Anyhow the fact that you don't see any of these subtleties is weird.

It could work, but only if the new console is not starved for content.

Like the 3DS could play Pokemon Black 2 White 2, but did any one give Nintendo any inch of benefit of the doubt over that? Nope. All they were talking about was how shit the 3DS lineup was because all it was was Nintendogs with kittens and Pilotwings and not much else. They didn't care that hey there's some pretty good DS games that can tide you over a few months. 

Consumers are harsh, you have to be ready for that. 

You can see this issue actually playing right this second in real time ... Microsoft just annouced that Halo Infinite will be delayed so now they are in some real trouble I think. You know Sony is going to look to attack when ever they see blood in the water. So now we'll see how good their management team really is because that is definitely a tight spot to be in. 

If I was advising them I'd say they have to spend some money now and buy some period of exclusivity for a 3rd party game that can be positioned as a marquee launch title. That's gonna hurt the wallet, but you have to do what you have to do. 



padib said:
theRepublic said:

That's not true of the PS2 at all.  The PS3 had a disastrous launch.  The PS2 being successful did absolutely nothing for the follow up console.

I'm, like, not at ALL talking about the PS3's performance. I'm talking about the performance of the PS2.

If I did want to talk about the PS3, it's easy to imagine that the PS brand would have done even worse had all support for PS2 plumetted and everything focused on the PS3, which had, as you said, a disastrous launch. 

@Soundwave, stop agreeing with people just because they're disagreeing with me.
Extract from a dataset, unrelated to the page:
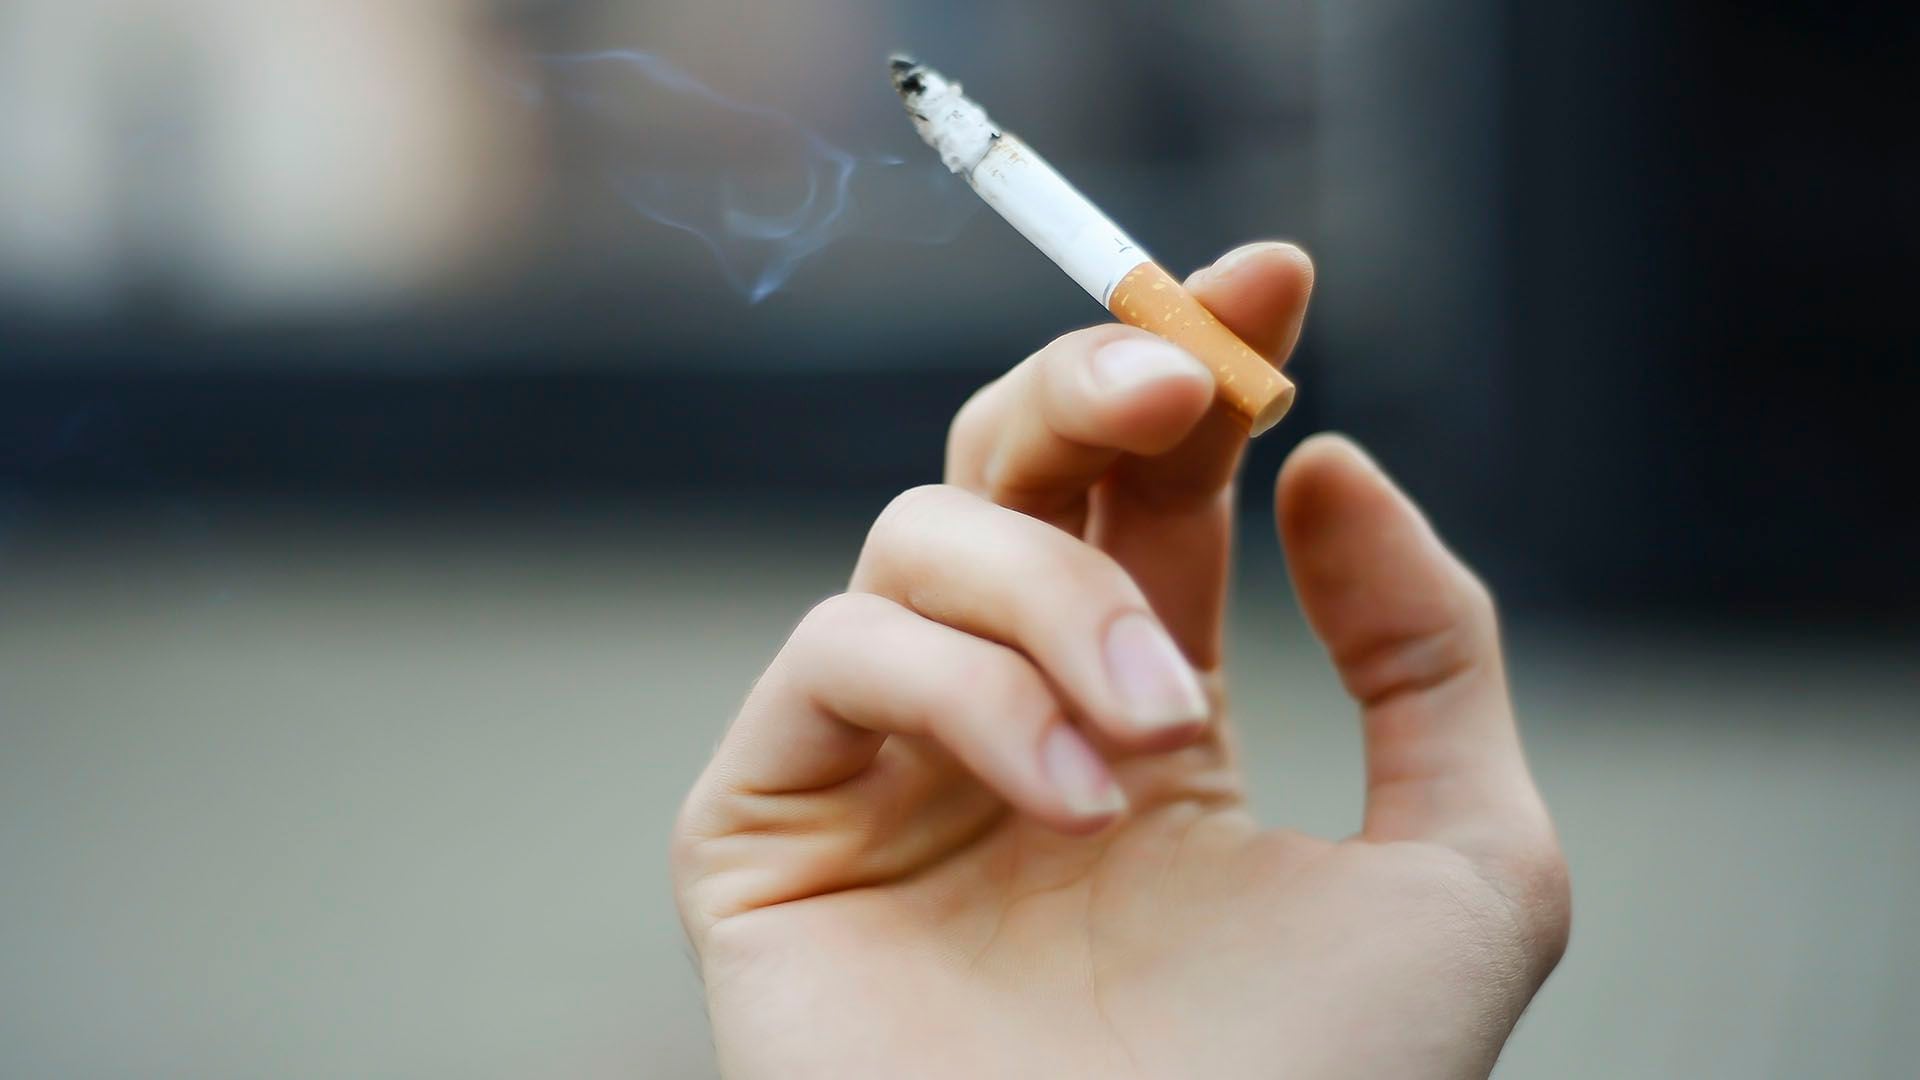 Fumar es, por mucho, el principal factor de riesgo para el cáncer de pulmón (Getty)

The reply to me had nothing to do with what I said.

Then I guess I don't understand what you are trying to say.  "The success of these consoles solidified the respective company's presence in the market." is just clearly not true regarding the following generation for Sony.  Which as I understand it, is the whole point of this thread.  Generational transition.
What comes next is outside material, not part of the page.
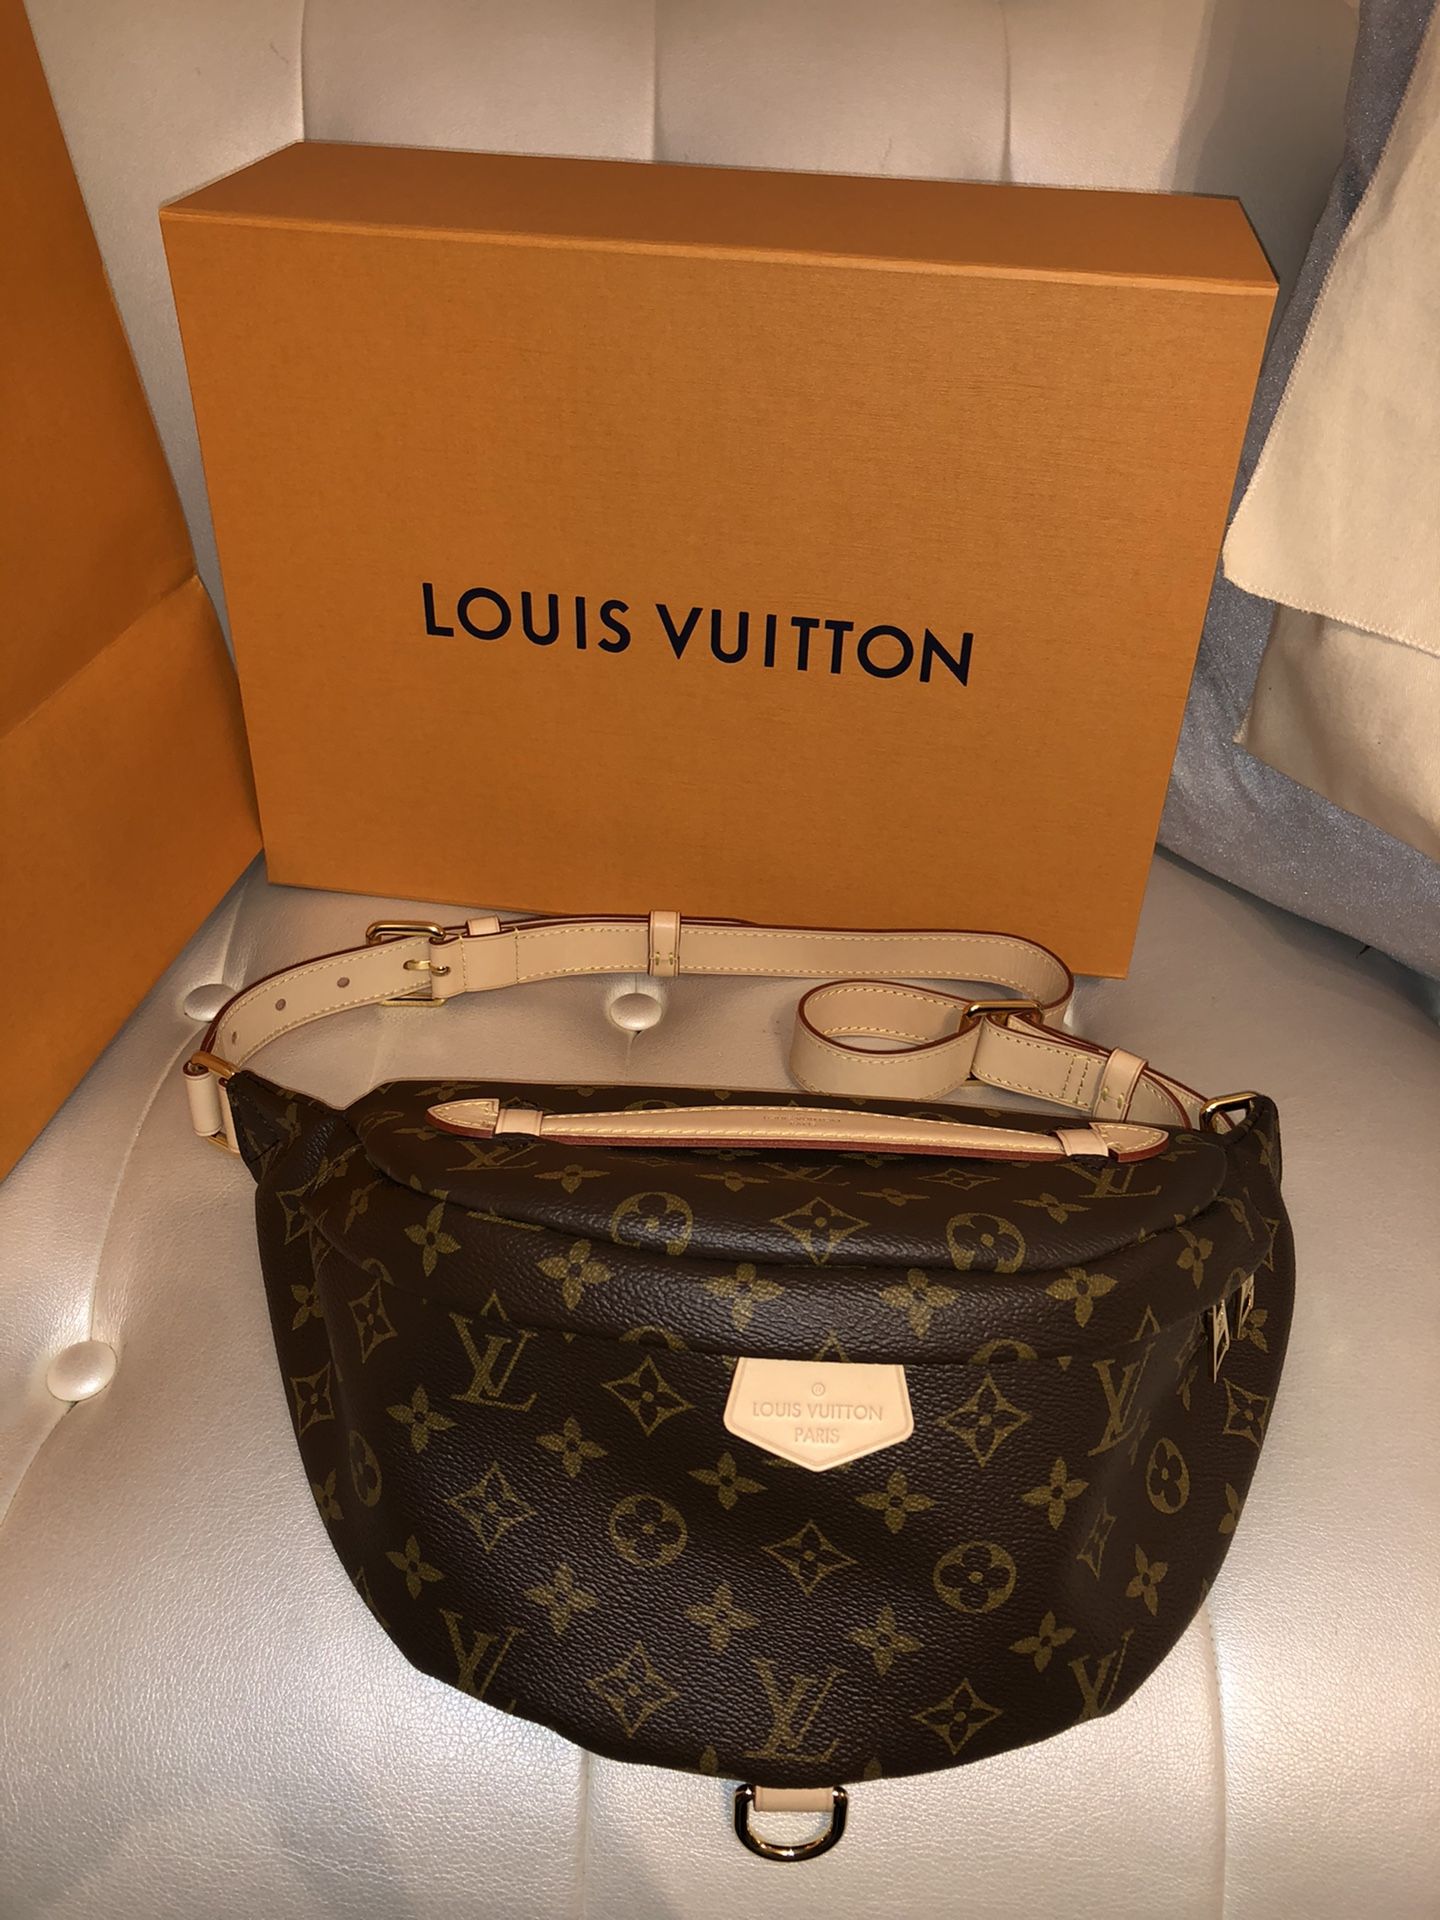 Louis Vuitton Bum Bag (authentic with box, dust bag, & receipt)

Moving this back toward Nintendo as in the OP, the way I see it, Nintendo had 3 realistic options.

1. Do exactly what they did.
2. Delay Wii U games or even the Wii U launch to develop additional Wii games.
3. Cutoff the development of Wii games even sooner to focus more on Wii U game development.  Possibly moving some Wii games over to the Wii U, or maybe cross launch games like they did with Twilight Princess or Breath of the Wild.

And the unrealistic option I seem to be seeing support for which no one has actually verbalized.
4. Just develop more games.  My question, is how?  There has to be a give and take somewhere.  Unless people are trying to advocate for Nintendo to build more development teams, which I won't argue against.  It is just that that process would have had to start long before, probably around the launch of the Wii, or maybe within a year or two after.  Nintendo has probably been too conservative in this regard, but I view this as tangentially related, not really directly related to the transition.



Switch Code: SW-7377-9189-3397 -- Nintendo Network ID: theRepublic -- Steam ID: theRepublic

Now Playing
Switch - Super Mario Maker 2 (2019)
Switch - The Legend of Zelda: Link's Awakening (2019)
Switch - Bastion (2011/2018)
3DS - Star Fox 64 3D (2011)
3DS - Phoenix Wright: Ace Attorney (Trilogy) (2005/2014)
Wii U - Darksiders: Warmastered Edition (2010/2017)
Mobile - The Simpson's Tapped Out and Yugioh Duel Links
PC - Deep Rock Galactic (2020)

I don't think the PS2's end of life affected the PS3 in any way one way or the other.

Nobody cares what you did 12 months ago when it comes to making a purchase in the here and now for your gaming needs for the next several years. People don't really look at the past all that much.

They went from a dominant no.1 to a laughing stock no.3 in a blink of an eye, now kudos to them for being in that situation and putting their head down, taking the jeers, and working their ass off for the rest of the generation. 

Can't feel sorry for yourself when that happens.